# Indecency Rules



## Andy Capp (Oct 5, 2008)

Well we've all heard about the various cases that are either in or have been to court, now GN has written a pice that explains pretty much what one can, and cannot do.

http://gulfnews.com/news/gulf/uae/general/redrawing-the-lines-of-indecency-1.603025

A great comment from an Emirati student...



> Fatma Rashid, 21, an Emirati student said, "Somehow it is okay to wear revealing clothes and consume alcohol but kissing could get you in jail. It sounds like a big contradiction. You either allow people of other cultures to be themselves or not. This grey area in between is not really working."


However I disagree that it's an act of effrontery - half the time it's pissed up people (sex on beach and jbr guys were all pissed).

Does Dubai want it's cake and eat it?


----------



## Gavtek (Aug 23, 2009)

Andy Capp said:


> Does Dubai want it's cake and eat it?


I think so. Dubai's entire economic model is based on continuing to build masses of residential property, getting people to live in them and building masses of commercial buildings for these people to work in.

It's not really going to work unless they manage their PR a lot better and make it more welcoming to western culture. "If you build it, they will come" doesn't work in reality.

People from other parts of the world are used to being in a system where they can challenge those in authority and make them accountable. 

Sure, you get the usual response "if you don't like it go home" but if everyone did that, Dubai would be on its knees.

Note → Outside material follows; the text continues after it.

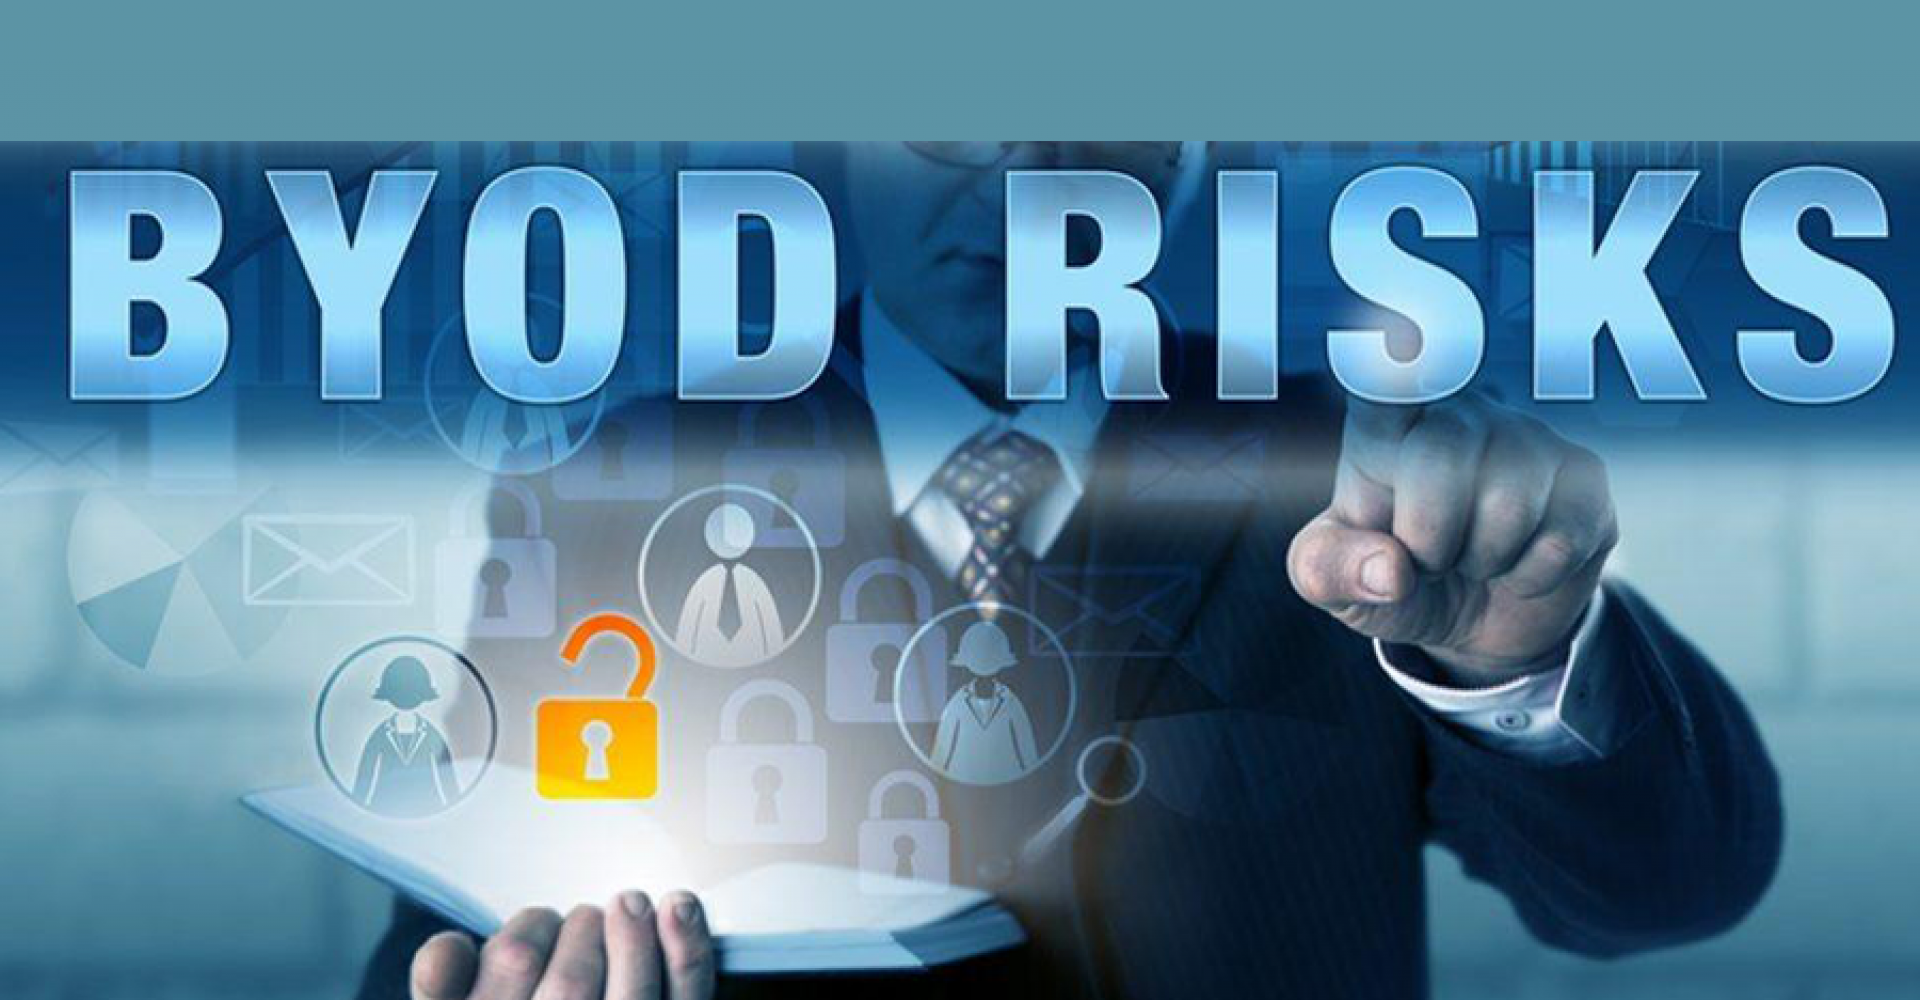 A BYOD põe em risco a segurança das empresas?

Without wanting to tar a whole nation with the same brush, there's a large amount of locals who only follow the parts of their faith that suits their lifestyle.


----------



## Andy Capp (Oct 5, 2008)

Gavtek said:


> there's a large amount of locals who only follow the parts of their faith that suits their lifestyle.


Exactly, do as we say not as we do.....

Like when i got pissed with the chief of Ajman police a few weeks back!


----------



## SBP (Jan 4, 2010)

Gavtek said:


> Without wanting to tar a whole nation with the same brush, there's a large amount of locals who only follow the parts of their faith that suits their lifestyle.




And not just in Dubai either!


----------



## oh! (Feb 24, 2010)

well jokes aside...I have utmost respect for the emiratis...I really admire what they have done here and how they have progressed Dubai and the UAE (atleast some of it) in the time it takes a road to be completed where I come from. 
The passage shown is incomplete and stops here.